FedEx Guy turned out to be the type who was glad that he got to help someone out today. Which was a relief.

Now that it’s here, my question to myself is, do I just tape together the torn greenhouse for one more winter to extend the future of the new one? (Googles: yes, contact paper does still exist. I could double-side it to have no sticky parts exposed while connecting the walls to the sides of the zipper.)

So far, you can’t buy Sunbubble covers separately.

There are no mango flowers nor fruits to protect this winter, at least not yet. So the tree doesn’t have to stay quite as warm as last year.

It did bloom about six months ago but that time the buds all died back due to mold from the moisture buildup inside that tent after that one extremely wet winter. I toweled it off from the inside every morning and left the door open when it was warm enough but that wasn’t enough (and I’m too short to open the overhead vents.)

My Alphonso has since recovered nicely, proving it is indeed the resistant variety they said it was, and it has put out a ton of new, healthy growth where all of that had been.

I figure when it’s ready, given the size it is now, we will get a ton of mangoes. We just have to be patient.

And I just have to get all of the details right.

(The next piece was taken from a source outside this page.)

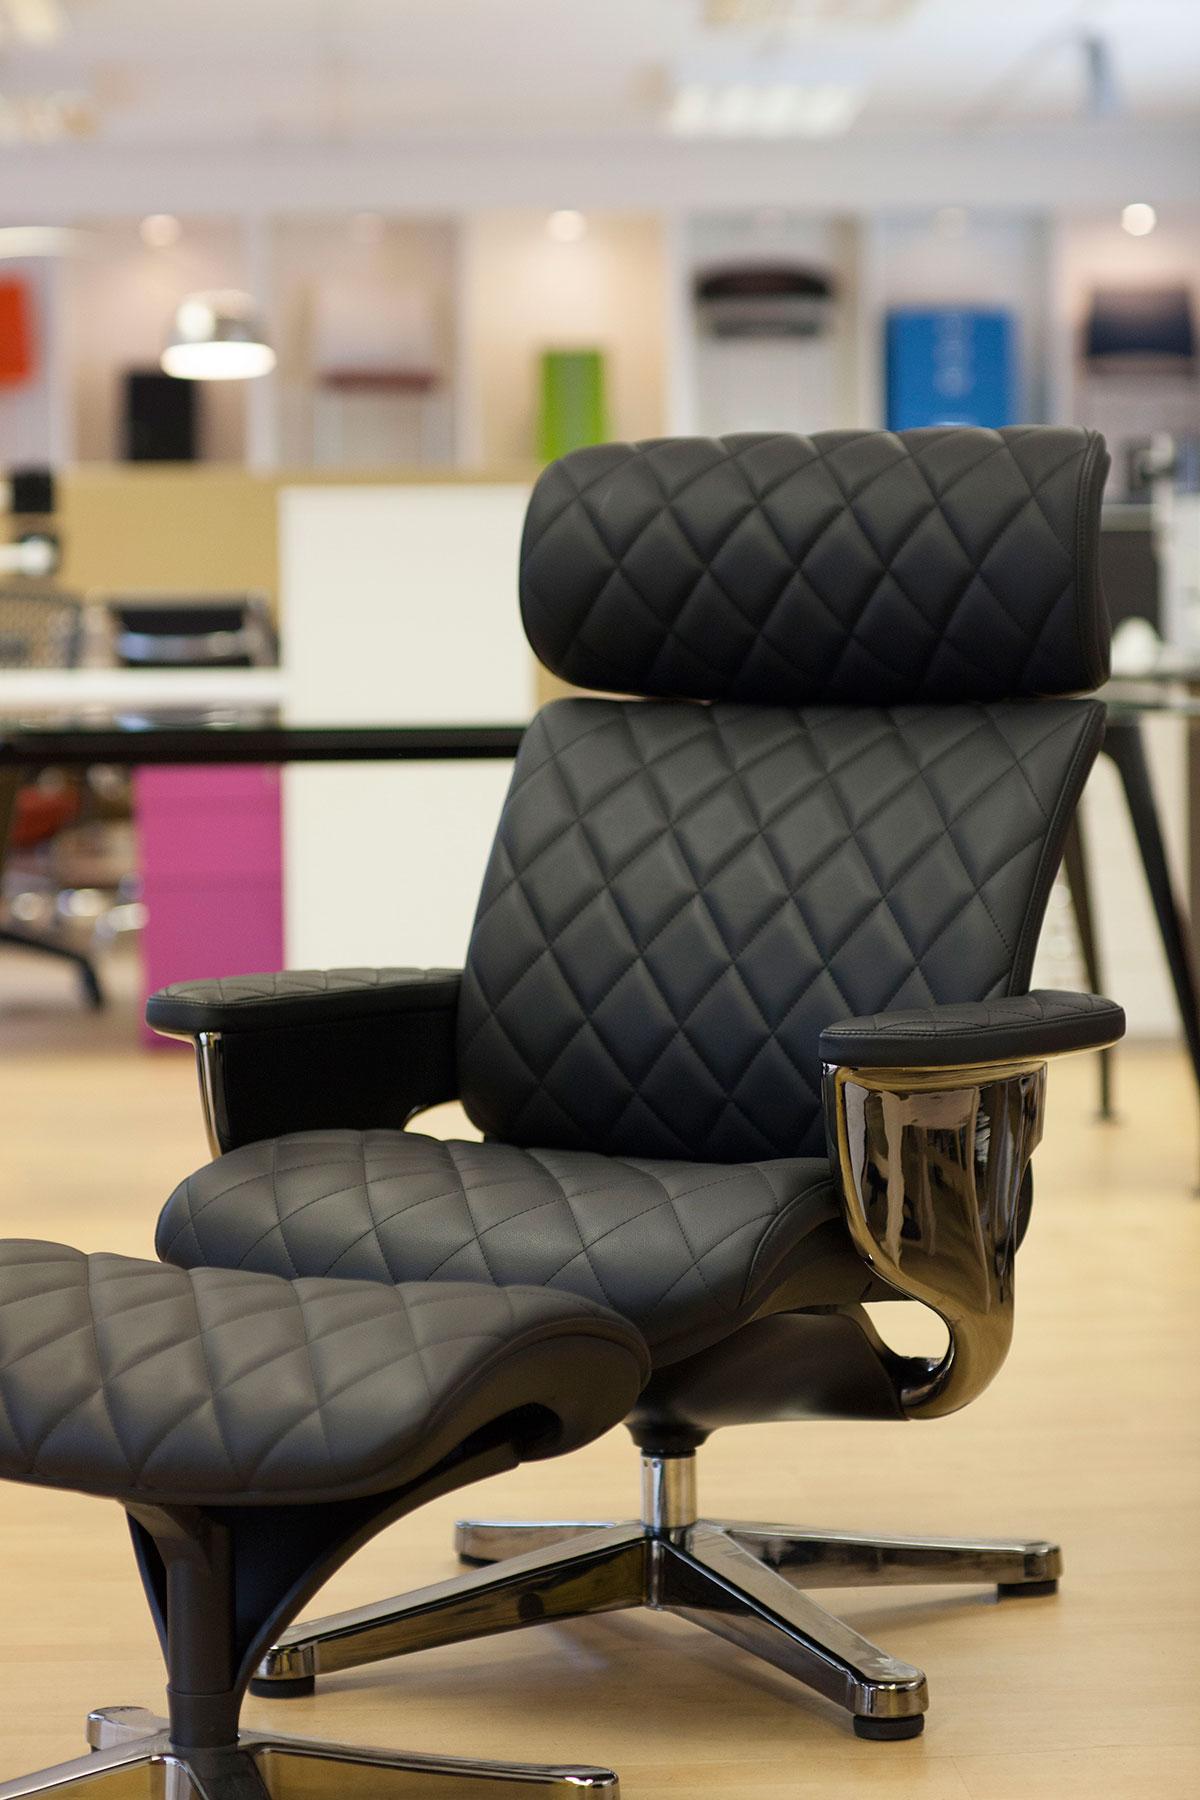 Ergohuman Orange mesh task chair with laptop holder and

Working on that.



“What will you do with your one wild and precious life?”
Friday April 12th 2019, 10:33 pm
Filed under: Friends,Mango tree,Wildlife

I sent Dani (the original instigator of the planting of my mango) a new picture of the tree and he sent me this article.

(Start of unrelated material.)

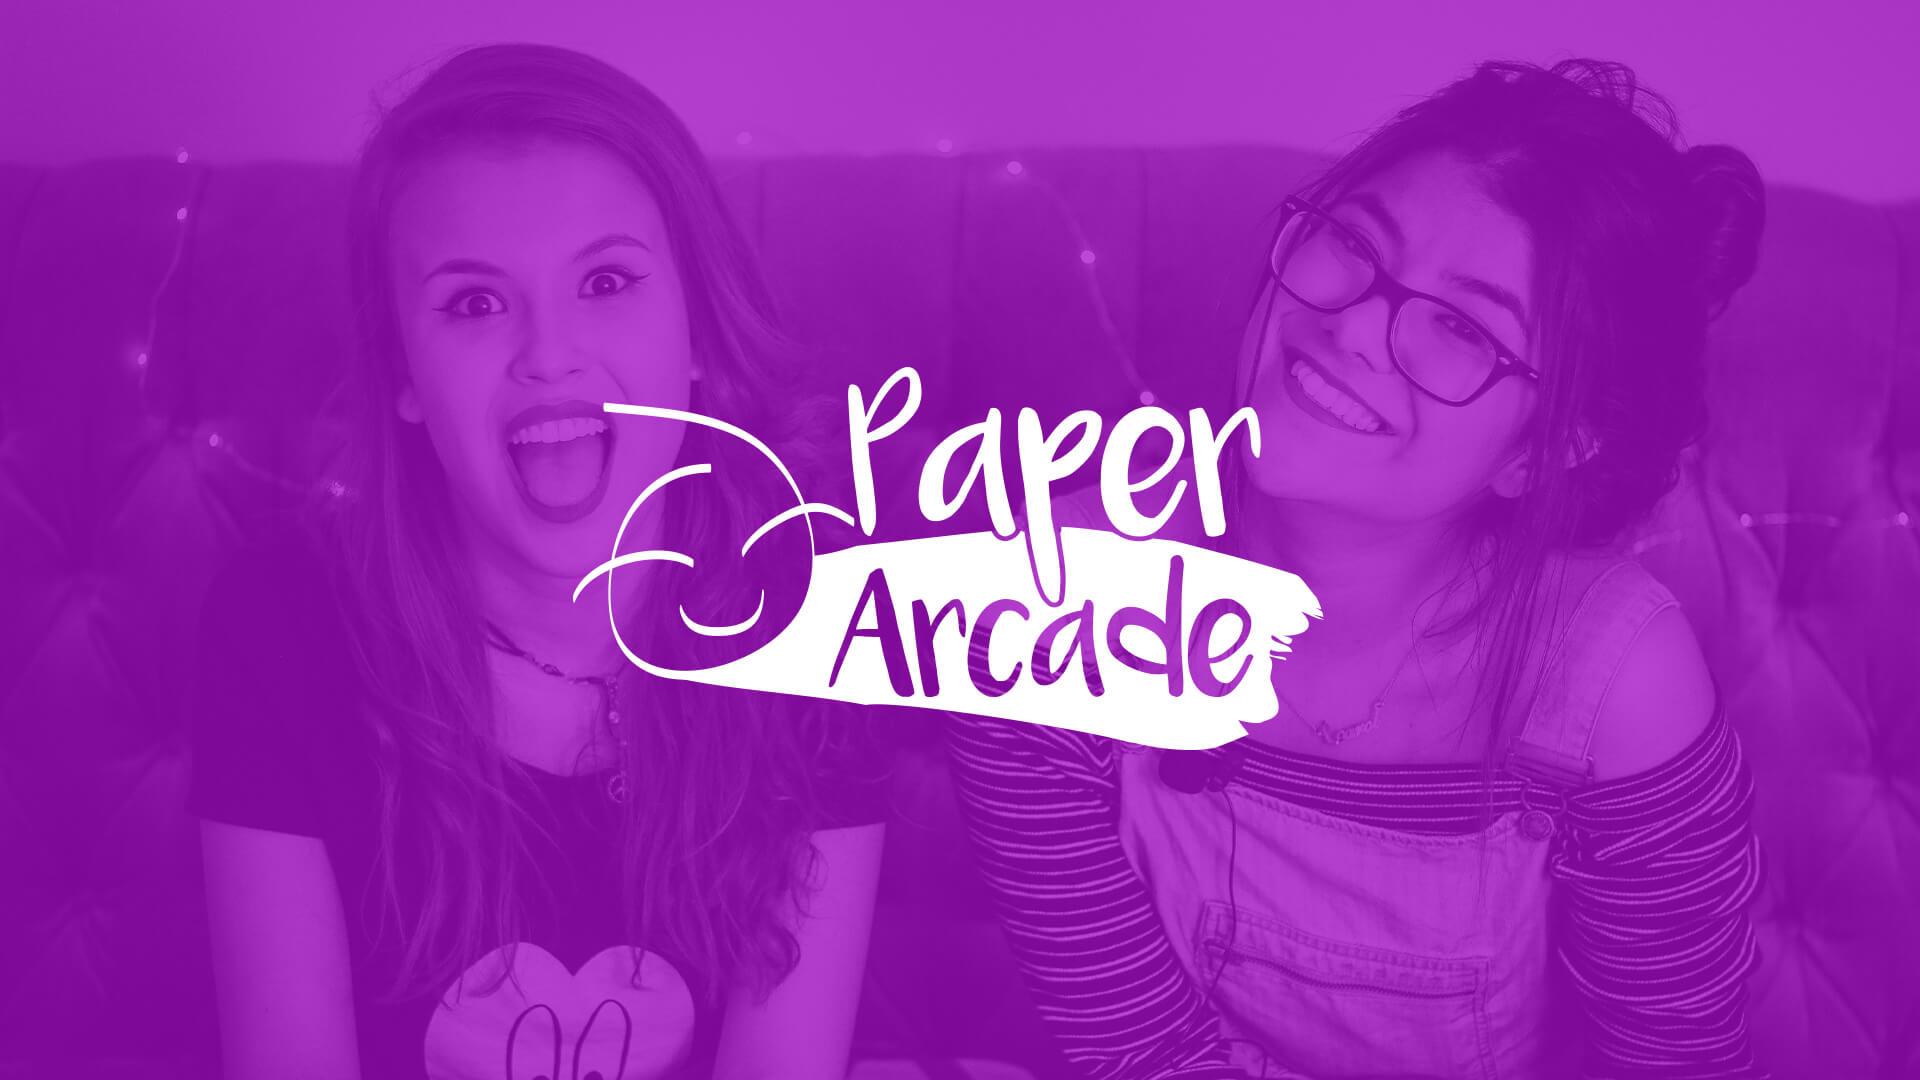 Paper Arcade Banner | Voltekka: Website Design & Digital Marketing Specialists

Who knew that Alphonso mangoes were helping to keep the last wild group of Asian lions in the world alive?



Well that worked
Monday April 08th 2019, 10:54 pm
Filed under: Family,Mango tree

I left the Sunbubble zipped and the Christmas lights and heater on while we flew to see my folks; Richard’s Rube Goldberged auto temp set-up on the lights no longer works, so those would just stay on, but the heater’s would turn it off above 74. I knew the humidity would rise a lot with nobody around to open the greenhouse door by day and I had no idea how hot it would actually get in there. But tropical trees don’t argue with heat, is all I could figure.

When we left it that way for five days over Thanksgiving we came home to black spots on the leaves and a graying and withering away of all new growth, taking away all chance of fruiting from what would have been. Alphonso mangoes do not like humidity. The fruits from last summer held on, though.

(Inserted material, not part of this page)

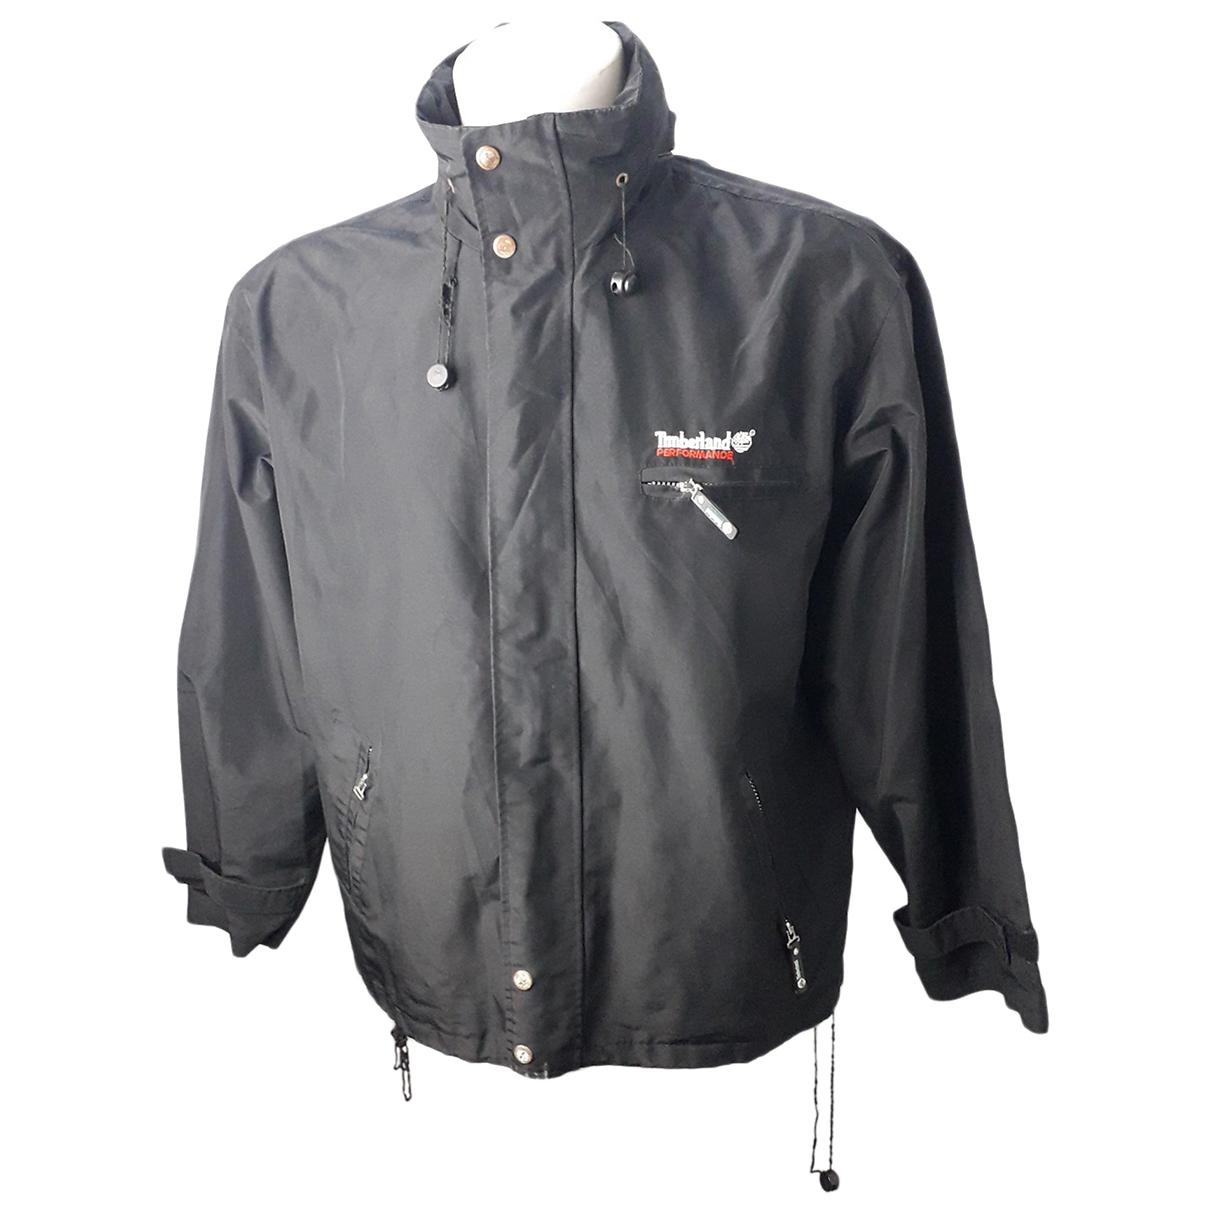 Timberland \N Black jacket  for Men M International

It’s warmer now than it was then and boy has it rained (with the irony of, not inside the plastic. I’ve had to water this one tree.)

I didn’t want another disease attack, now that I know my resistant variety is actually somewhat susceptible, but you do what you have to do, and besides, visiting my Dad was vastly more important.

All this in ten days. This is what the new growth looked like as of yesterday that had been just starting in several spots, like the first photo. All those small lower clusters of leaves did not exist yet when we left. New branches on a mango in flush can grow several inches a day, with the leaves reddish as they grow, then light green, then gradually dark and lush, and I knew that, but still, wow.

Heat and increasing sunlight with the season and plain good luck. And suddenly I have a much bigger tree.

As soon as these bud out and start fruiting, those uprights will start curving gracefully downward with the weight. And what would have fruited in November suddenly doesn’t matter.

We ate our first just-for-the-two-of-us mango yesterday, the third from the tree. It was like nothing I could describe and do it justice, but it was very very very good.

There is one last summer 2018 mango turning slowly yellow as this year makes its promises.